The Chora Church or Kariye Mosque () is a medieval Greek Orthodox church building, mostly used as a mosque since the 1500s, in the Edirnekapı neighborhood of Istanbul, Turkey. It is mainly famous for its outstanding Late Byzantine mosaics and frescos. 

The building is an example of Byzantine architecture. In the 16th century, during the Ottoman era, it was converted into a mosque; it became a museum in 1945, and was turned back into a mosque in 2020 by President Recep Tayyip Erdoğan. The interior of the building is covered with some of the finest surviving Byzantine Christian mosaics and frescoes, which were left in plain sight during Muslim worship throughout much of the Ottoman era. They were restored after the building was secularized and turned into a museum.

The neighborhood is situated in the western part of the municipality of Fatih district.

History

First phase (4th century)
The Chora Church was originally built in the early 4th century as part of a monastery complex outside the city walls of Constantinople erected by Constantine the Great, to the south of the Golden Horn. However, when Theodosius II built his formidable land walls in 413–414, the church became incorporated within the city's defences, but retained the name Chora (for the presumed symbolism of the name see above).

Second phase (11th century)
The majority of the fabric of the current building dates from 1077–1081, when Maria Doukaina, the mother-in-law of Alexius I Comnenus, rebuilt the Chora Church as an inscribed cross or quincunx: a popular architectural style of the time. Early in the 12th century, the church suffered a partial collapse, perhaps due to an earthquake.

Third phase: new decoration (14th century)
The church was rebuilt by Isaac Comnenus, Alexius's third son. However, it was only after the third phase of building, two centuries after, that the church as it stands today was completed. The powerful Byzantine statesman Theodore Metochites endowed the church with many of its fine mosaics and frescoes. Theodore's impressive decoration of the interior was carried out between 1315 and 1321. The mosaic-work is the finest example of the Palaeologian Renaissance. The artists remain unknown. In 1328, Theodore was sent into exile by the usurper Andronicus III Palaeologus. However, he was allowed to return to the city two years later, and lived out the last two years of his life as a monk in his Chora Church.
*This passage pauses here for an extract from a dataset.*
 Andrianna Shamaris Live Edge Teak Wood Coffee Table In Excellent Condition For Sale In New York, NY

Until the Conquest of Constantinople
In the late 13th and early 14th centuries, the monastery was home to the scholar Maximus Planudes, who was responsible for the restoration and reintroduction of Ptolemy's Geography to the Byzantines and, ultimately, to Renaissance Italy. During the last siege of Constantinople in 1453, the Icon of the Theotokos Hodegetria, considered the protector of the City, was brought to Chora in order to assist the defenders against the assault of the Ottomans.
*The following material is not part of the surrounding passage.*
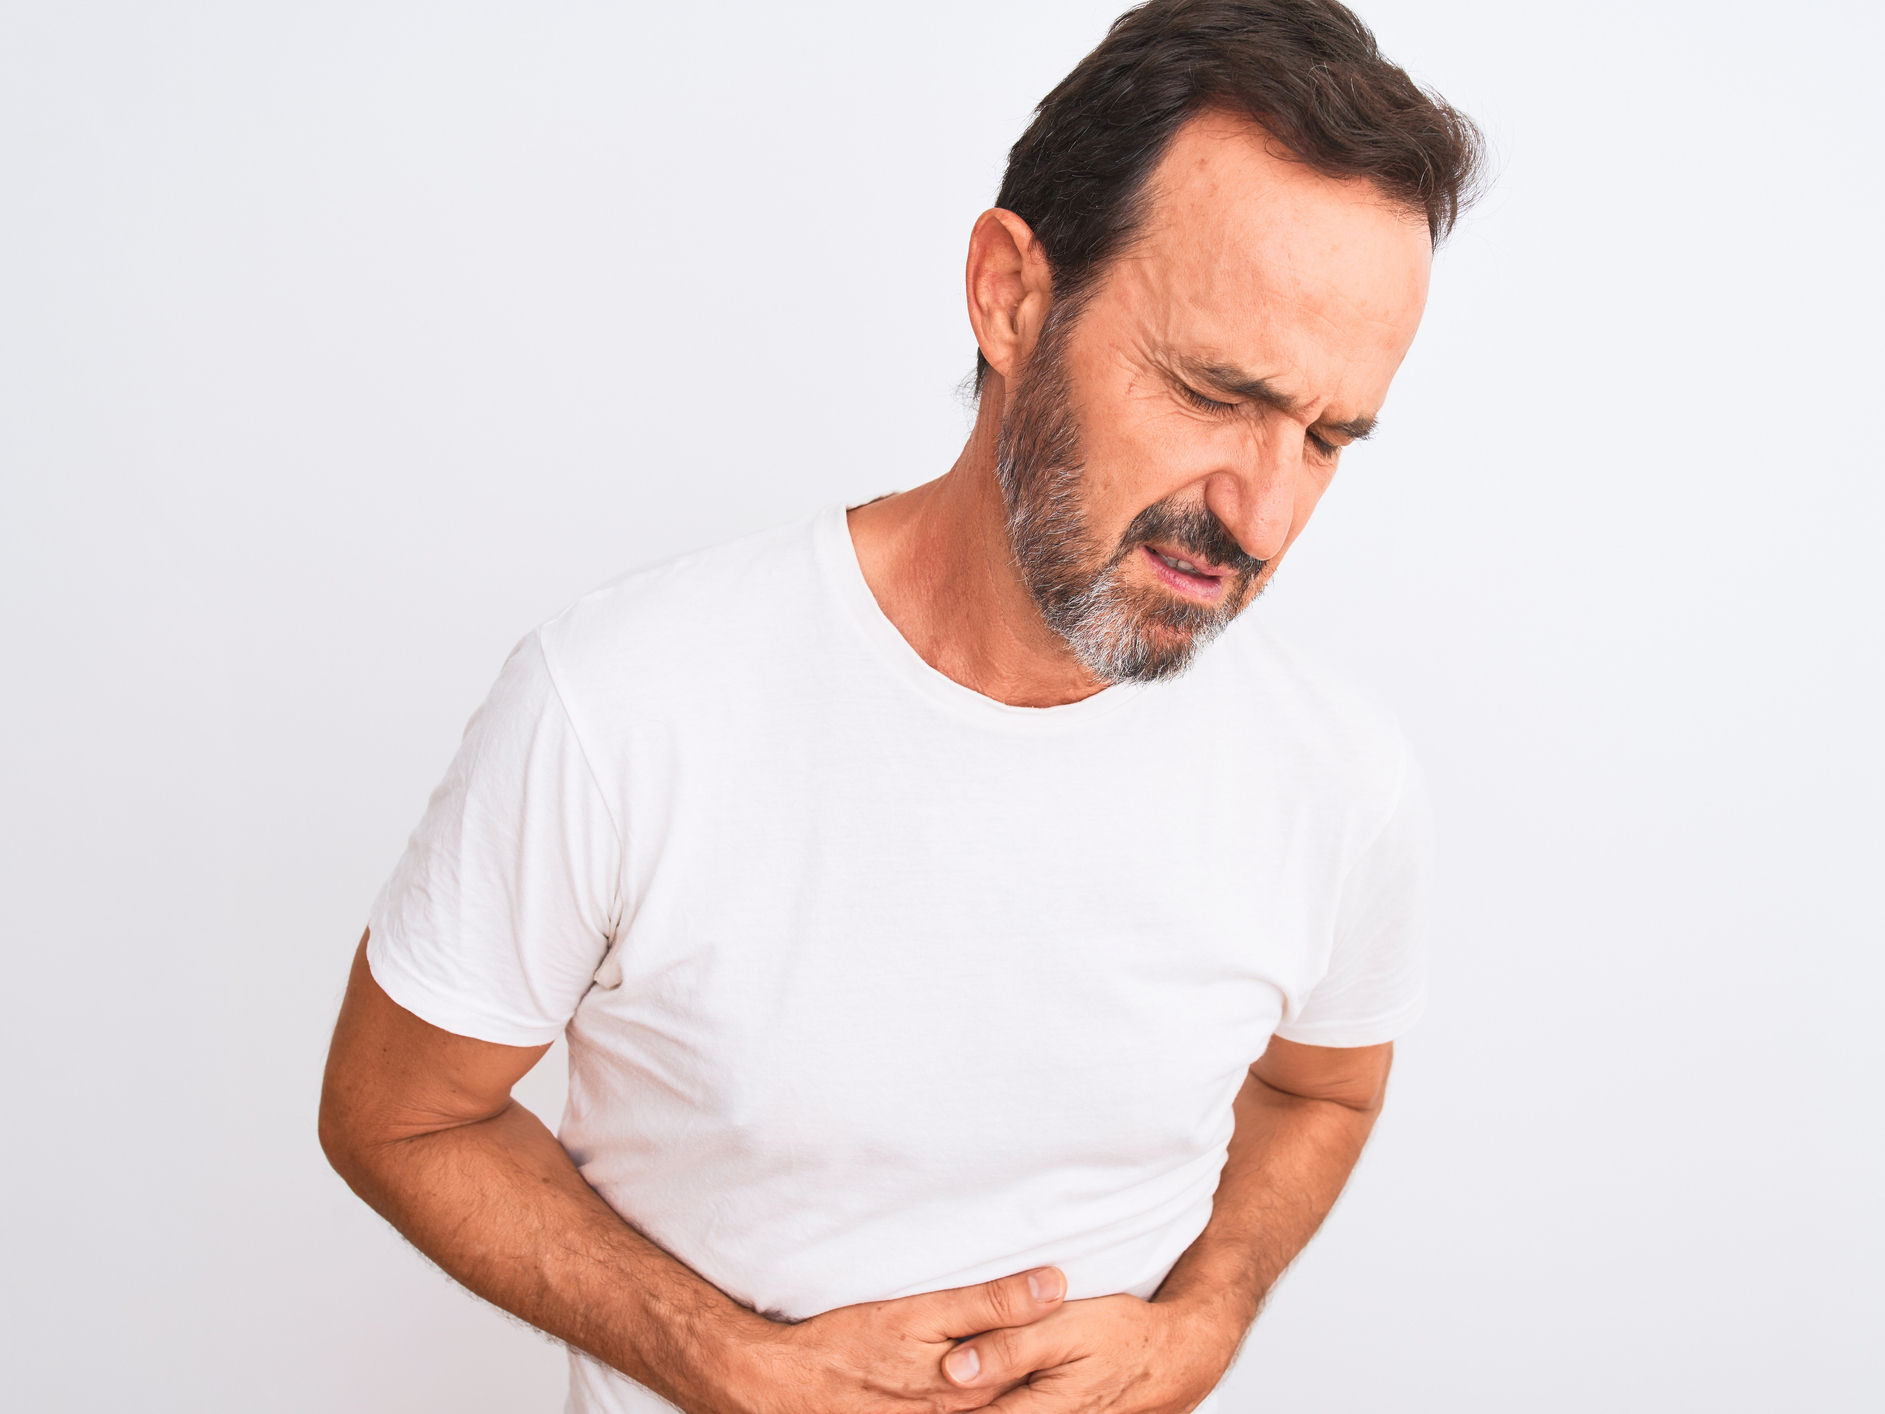 The common gut infection that leads to long-term tummy trouble

Kariye Mosque (c. 1500–1945)
Around fifty years after the fall of the city to the Ottomans, Hadım Ali Pasha, the Grand Vizier of Sultan Bayezid II, ordered the Chora Church to be converted into a mosque — Kariye Camii. The word Kariye derived from the Greek name Chora. Due to the prohibition against iconic images in Islam, the mosaics and frescoes were covered behind a layer of plaster. This and frequent earthquakes in the region have taken their toll on the artwork.

Museum, art restoration (1945–2020)
In 1945, the building was designated a museum by the Turkish government. In 1948, the American scholars Thomas Whittemore and Paul A. Underwood, from the Byzantine Institute of America and the Dumbarton Oaks Center for Byzantine Studies, sponsored a restoration program. From that time on, the building ceased to be a functioning mosque. In 1958, it was opened to the public as a museum, Kariye Müzesi.
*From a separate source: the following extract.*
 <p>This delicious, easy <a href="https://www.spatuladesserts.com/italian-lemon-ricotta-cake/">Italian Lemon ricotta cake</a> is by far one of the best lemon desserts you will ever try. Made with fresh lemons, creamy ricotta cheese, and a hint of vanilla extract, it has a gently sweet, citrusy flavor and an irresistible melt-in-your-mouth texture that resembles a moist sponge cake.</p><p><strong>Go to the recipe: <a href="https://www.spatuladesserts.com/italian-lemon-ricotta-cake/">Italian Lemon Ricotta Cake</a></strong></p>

Reconversion to a mosque (2020–)
In 2005, the Association of Permanent Foundations and Service to Historical Artifacts and Environment filed a lawsuit to challenge the status of the Chora Church as a museum. In November 2019, the Turkish Council of State, Turkey's highest administrative court, ordered that it was to be reconverted to a mosque. In August 2020, its status changed to a mosque.

The move to convert Chora Church into a mosque was condemned by the Greek Foreign Ministry and by Greek Orthodox and Protestant Christians. This caused a sharp rebuke by Turkey.

On Friday 30 October 2020, Muslim prayers were held for the first time after 72 years.

Interior
The Chora Church is not as large as some of the other surviving Byzantine churches of Istanbul (it covers 742.5 m²) but it is unique among them, because of its almost completely still extant internal decoration. The building is divided into three main areas: the entrance hall or narthex, the main body of the church or naos (nave), and the side chapel or parecclesion. The building has six domes: two above the esonarthex, one above the parecclesion and three above the naos.

Narthex
The main, west door of the Chora Church opens into the narthex. It divides north–south into the outer, or exonarthex and the inner, or esonarthex.

Exonarthex

The exonarthex (or outer narthex) is the first part of the church that one enters. It is a transverse corridor, 4 m wide and 23 m long, which is partially open on its eastern length into the parallel esonarthex. The southern end of the exonarthex opens out through the esonarthex forming a western antechamber to the parecclesion. The mosaics that decorate the exonarthex include:

 Joseph's dream and the journey to Bethlehem
 The enrollment for taxation
 The Nativity
 The journey of the Magi
 The inquiry of King Herod;
 The flight into Egypt
 Two frescoes of the massacres ordered by King Herod
 Mothers mourning their children
 The flight of Elizabeth, mother of John the Baptist
 Joseph dreaming, and the return of the Holy Family from Egypt to Nazareth
 Christ taken to Jerusalem for the Passover
 John the Baptist bearing witness to Christ
 A miracle
 Three more miracles
 Jesus Christ
 The Virgin and angels praying

Esonarthex

The esonarthex (or inner narthex) is similar to the exonarthex, running parallel to it. Like the exonarthex, the esonarthex is 4 m wide, but it is slightly shorter, 18 m long. Its central, eastern door opens into the naos, while another door at the southern end of the esonarthex opens into the rectangular antechamber of the parecclesion. At its northern end, a door from the esonarthex leads into a broad west–east corridor that runs along the northern side of the naos and into the prothesis. The esonarthex has two domes. The smaller is above the entrance to the northern corridor; the larger is midway between the entrances into the naos and the pareclession.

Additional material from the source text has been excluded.